Write a PodCrashLoopBackOff Incident Runbook

Objective

A CrashLoopBackOff flood (many pods crashing simultaneously) is one of the most common and urgent Kubernetes incidents. Without a runbook, engineers waste time on inconsistent triage.
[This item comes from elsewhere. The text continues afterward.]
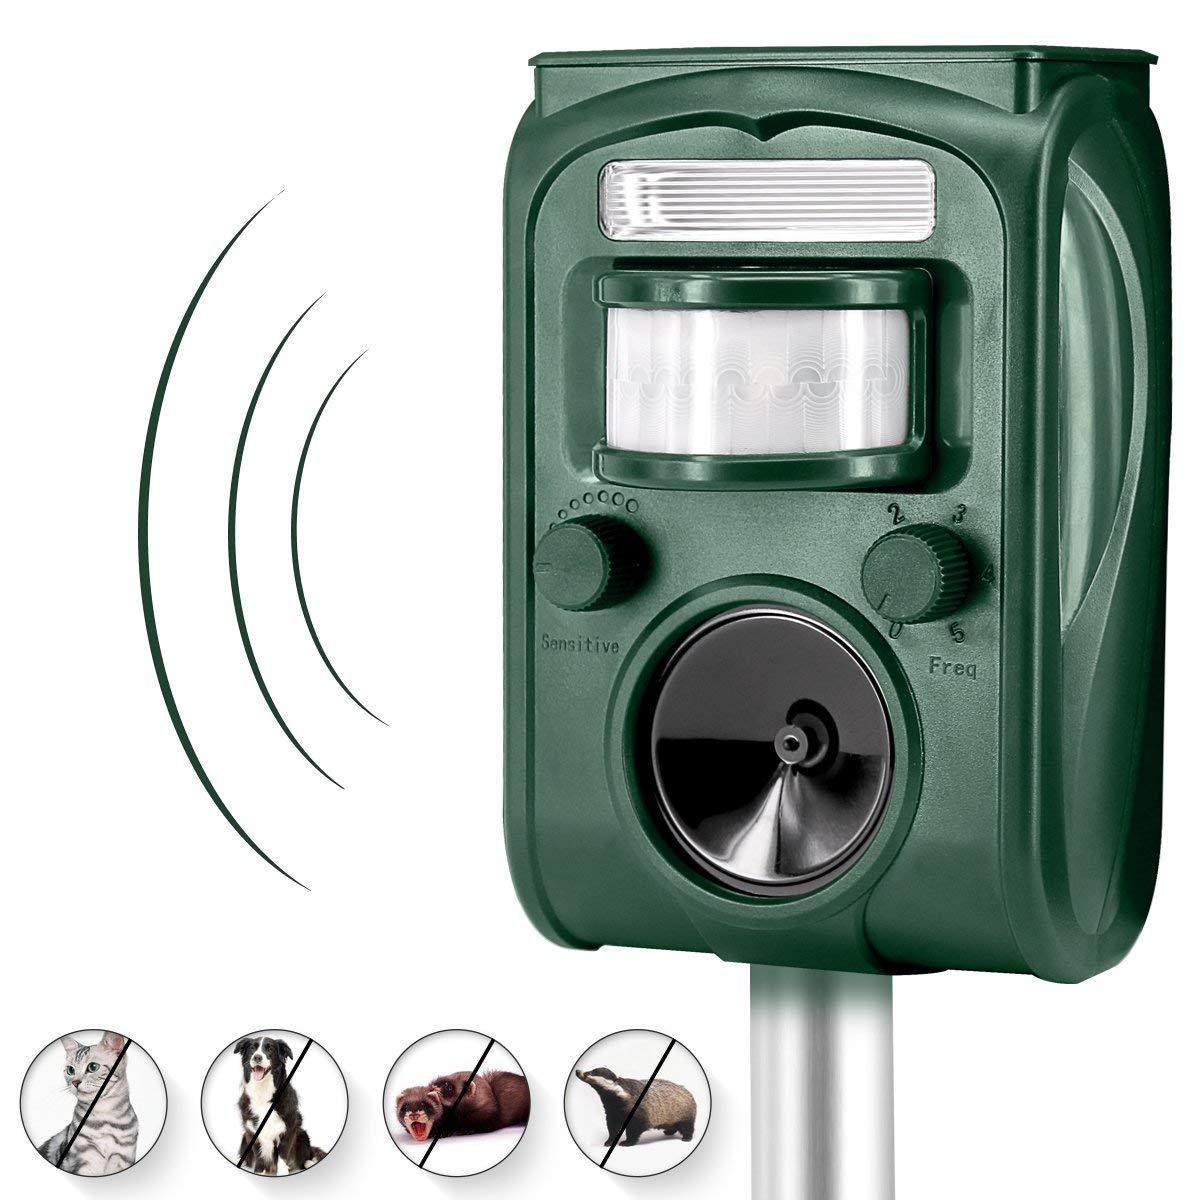 Outdoor Waterproof Ultrasonic Animal Repeller, Solar Powered & USB Charging, Divo Pet Repellent Cat Dog Mice Bird Deterrent Spike For Garden Yard Field Farm Glassland With Infrared Sensor, Green

This exercise builds a production-quality runbook and then validates it by deliberately triggering each crash cause in a test environment.

Prerequisites

kube-prometheus-stack deployed (for alerts)
kubectl access to create test pods
A namespace where you can deploy test workloads

Steps

01

Create the detection alert rule

# crashloop-alert.yaml
cat << 'EOF' | kubectl apply -f -
apiVersion: monitoring.coreos.com/v1
kind: PrometheusRule
metadata:
  name: crashloop-alerts
  namespace: monitoring
  labels:
    release: kube-prometheus-stack
spec:
  groups:
  - name: crashloop
    rules:
    - alert: PodCrashLoopFlood
      expr: |
        count by (namespace) (
          kube_pod_container_status_waiting_reason{reason="CrashLoopBackOff"}
        ) > 3
      for: 2m
      labels:
        severity: critical
      annotations:
        summary: "CrashLoopBackOff flood in {{ $labels.namespace }}"
        description: "{{ $value }} pods in CrashLoopBackOff in namespace {{ $labels.namespace }}"
        runbook_url: "https://wiki.company.com/runbooks/crashloop-flood"

    - alert: SinglePodCrashLoop
      expr: |
        kube_pod_container_status_waiting_reason{reason="CrashLoopBackOff"} == 1
      for: 5m
      labels:
        severity: warning
      annotations:
        summary: "Pod {{ $labels.pod }} in CrashLoopBackOff"
        description: "Container {{ $labels.container }} in pod {{ $labels.pod }} is CrashLoopBackOff"
EOF

02

Triage Phase 1 — Initial assessment (target: under 5 minutes)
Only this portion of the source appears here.